Dr William Dixon and Dr David Wilson
City, University of London
• Matthew D’Ancona argues quite correctly that people’s belief that Theresa May can do an effective job as prime minister and that Jeremy Corbyn cannot will be more crucial in this election than policies (Opinion, 15 May). But he joins the chorus of those quoting opinion polls that show that certain policies in the Labour manifesto are popular. What seems to be ignored is that other policies are very unpopular, in particular those giving huge power to trade union leaders. The unpopularity of union leaders is reflected in the falling membership of unions, and in the fact that only 12% of Unite members bothered to vote in their recent leadership election. Most people in work want protection and support from the law for their rights as workers, but also protection from union action that interferes in their right to get to work.

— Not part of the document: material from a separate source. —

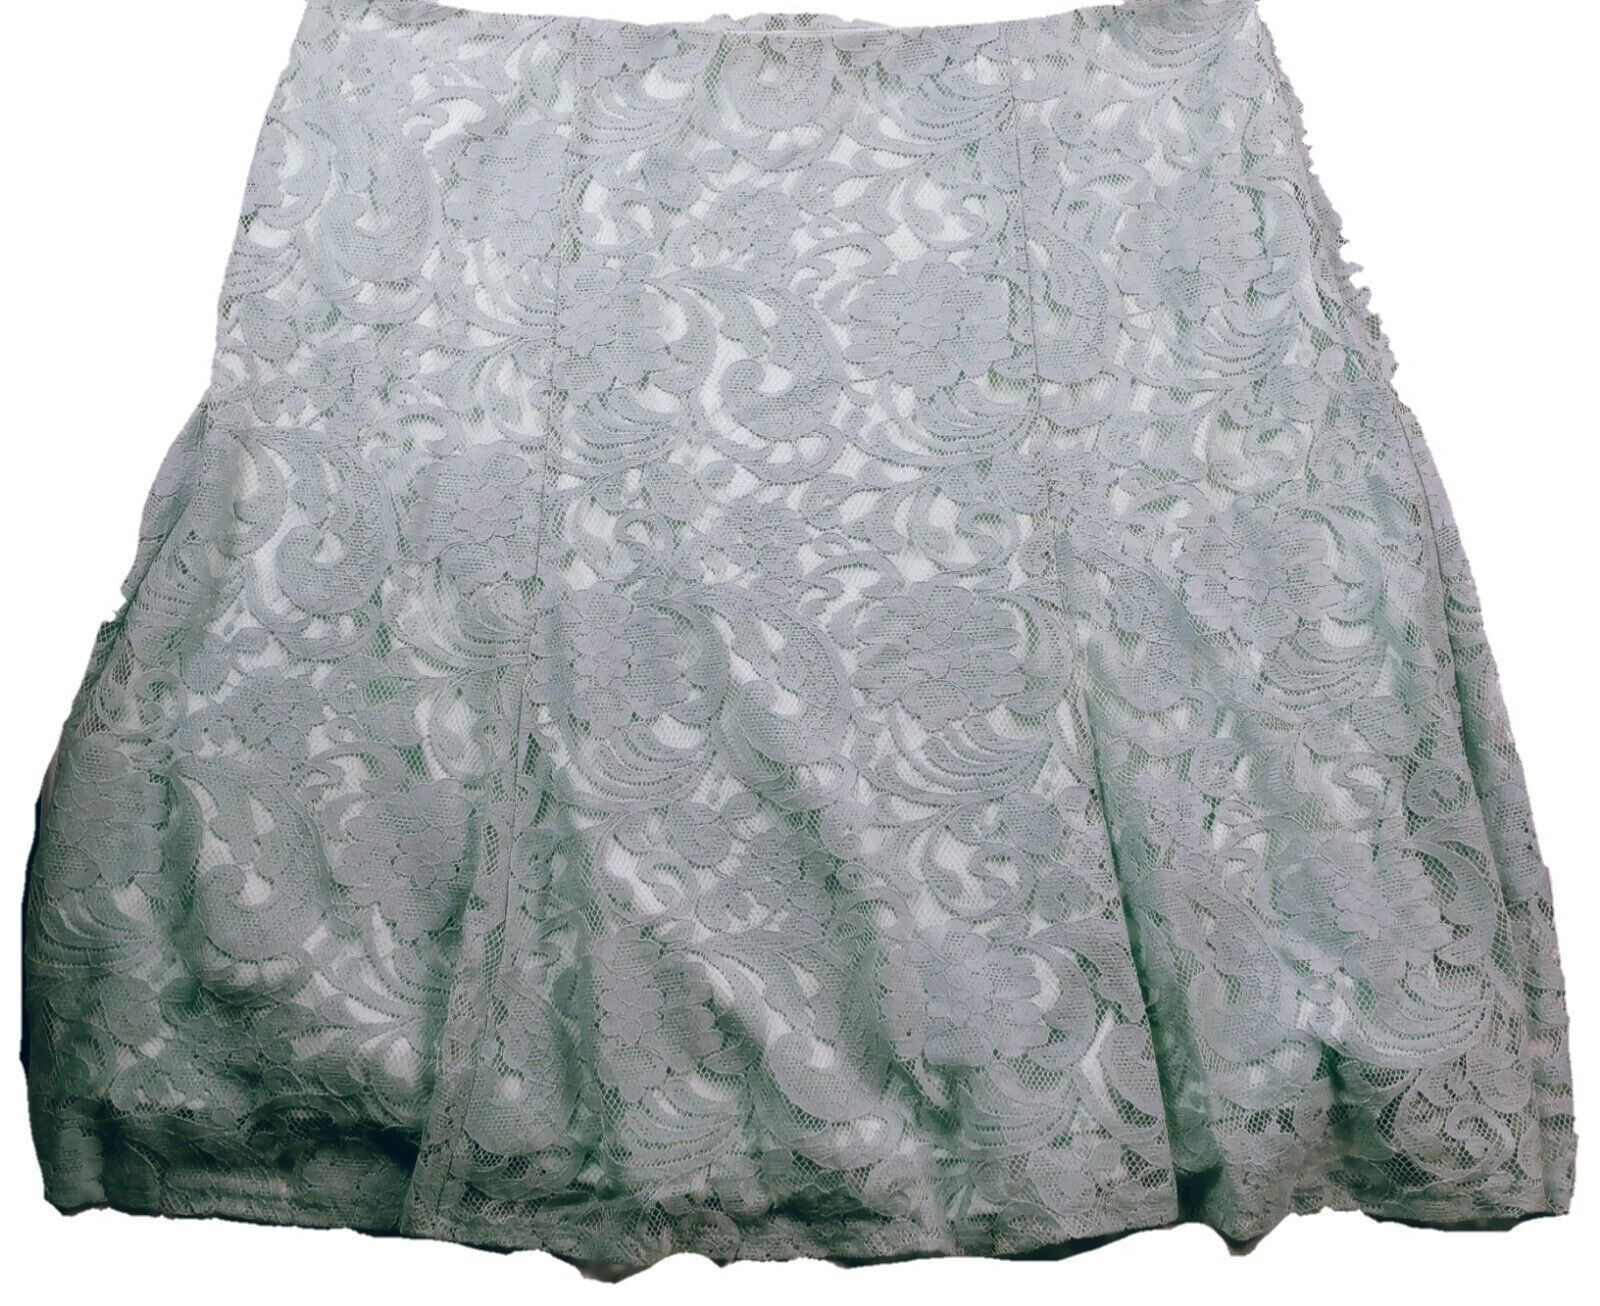 Primary image for NWT Roz & Ali Women's A Line Skirt Size 22 Blue Floral Lace Side Zip

I suspect that Conservative proposals on workers’ rights will prove more popular than Labour’s about union power.
James Pullen
St Ives, Cornwall
• The Labour manifesto has been likened to the 1945 manifesto of Clement Attlee. Quite right. Costings for proposed policies were pretty irrelevant, as paying for the war left the country more or less bankrupt, our foreign reserves had been dissipated, and, as a last straw, President Truman immediately stopped all aid, saying that “US tax dollars should not go to a socialist state”. However, on being elected, the Labour government proceeded to fulfil manifesto commitments. Railways and mines were nationalised, in 1948 the NHS came into being (the nation breathed a huge sigh of relief – you could now go to the doctor for free), the 1944 Education Act was activated, allowing free education up to age 15. Not bad for a country apparently financially on its knees.
One last point: it was automatically assumed that Churchill, the great warrior, would be elected. He wasn’t. Clement Attlee (Churchill called him “a modest man, with much to be modest about”) led the greatest reforming government of the 20th century.
Martin Sheldon
Oxford
• Danny Dorling and Sally Tomlinson detail how Clement Attlee was vilified by Labour, Conservatives and the media for his lack of talent, drive and personality (Is Corbyn as lacking in drive and personality as Attlee? Let’s hope so, theguardian.com, 9 May), yet many on the left acknowledge him as Britain’s best prime minister for implementing radical social justice reforms in the face of economic crisis. Their comparison of Attlee and Corbyn has provoked some derision and outrage – but their point was that it is not personal characters or qualities that matter most, it is the radical vision that others can get behind.
Leadership theory has progressed well beyond the “trait-based” theories that dominated until the 90s; it now recognises leadership as most powerfully understood as a fluid property of an organisation. People at the top still matter, but they are at their most effective when they stand for a set of shared values, and hold open a space in which others can discuss how best to put them into action. Our continued yearning for “strong leaders” betrays a damaging cultural immaturity: they offer us the chance to give up our shared responsibility for leadership, and to scapegoat those strong leaders when they inevitably let us down.
The cultural fabric of democracy is weakening in the UK and elsewhere. Labour’s response must not be to find a new father or mother figure to take control. We must unite through conversations around shared values and desired outcomes. Labour’s leader, whether Corbyn or another, should champion and enable this process.
Dr Rupert Higham
Lecturer, Faculty of Education, University of Cambridge
• Mrs May is riding high, apparently heading for a general election triumph, idolised by the tabloids for defying those beastly Europeans who seek to do Britain down. But today’s winners often end up as tomorrow’s losers. More than a century ago, in 1902, there was not a cloud on the horizon for Salisbury’s administration, with the Liberal opposition deeply divided in the aftermath of the Boer war. Four years later saw an all-time record anti-Conservative landslide.
Chamberlain was a hero when he came back from appeasing Hitler in 1938 and proclaimed “Peace for our time”. The few dissidents led by Churchill were denounced as warmongers. Then Hitler annexed Czechoslovakia. In 1956 Eden launched the Suez war with strong nationalist support. It proved a disaster and soon his reputation lay in tatters. In 2003 the invasion of Iraq led to a widespread outbreak of patriotic fervour – but destroyed public trust in one of Britain’s most successful and popular recent prime ministers.
Mrs May has decided to take us out of the single market and customs union. If we face the harsh reality of a hard Brexit or no deal, what price then for her “strong and stable leadership”?
Dick Taverne
Liberal Democrats, House of Lords
• Watching last week’s BBC Question Time, I was shocked to hear Conservative minister Ben Wallace claim there were items in Labour’s manifesto that Jeremy Corbyn did not himself agree with. I wonder if there are any other current examples of party leaders whose programme centres on a policy that they publicly opposed less than 12 months ago.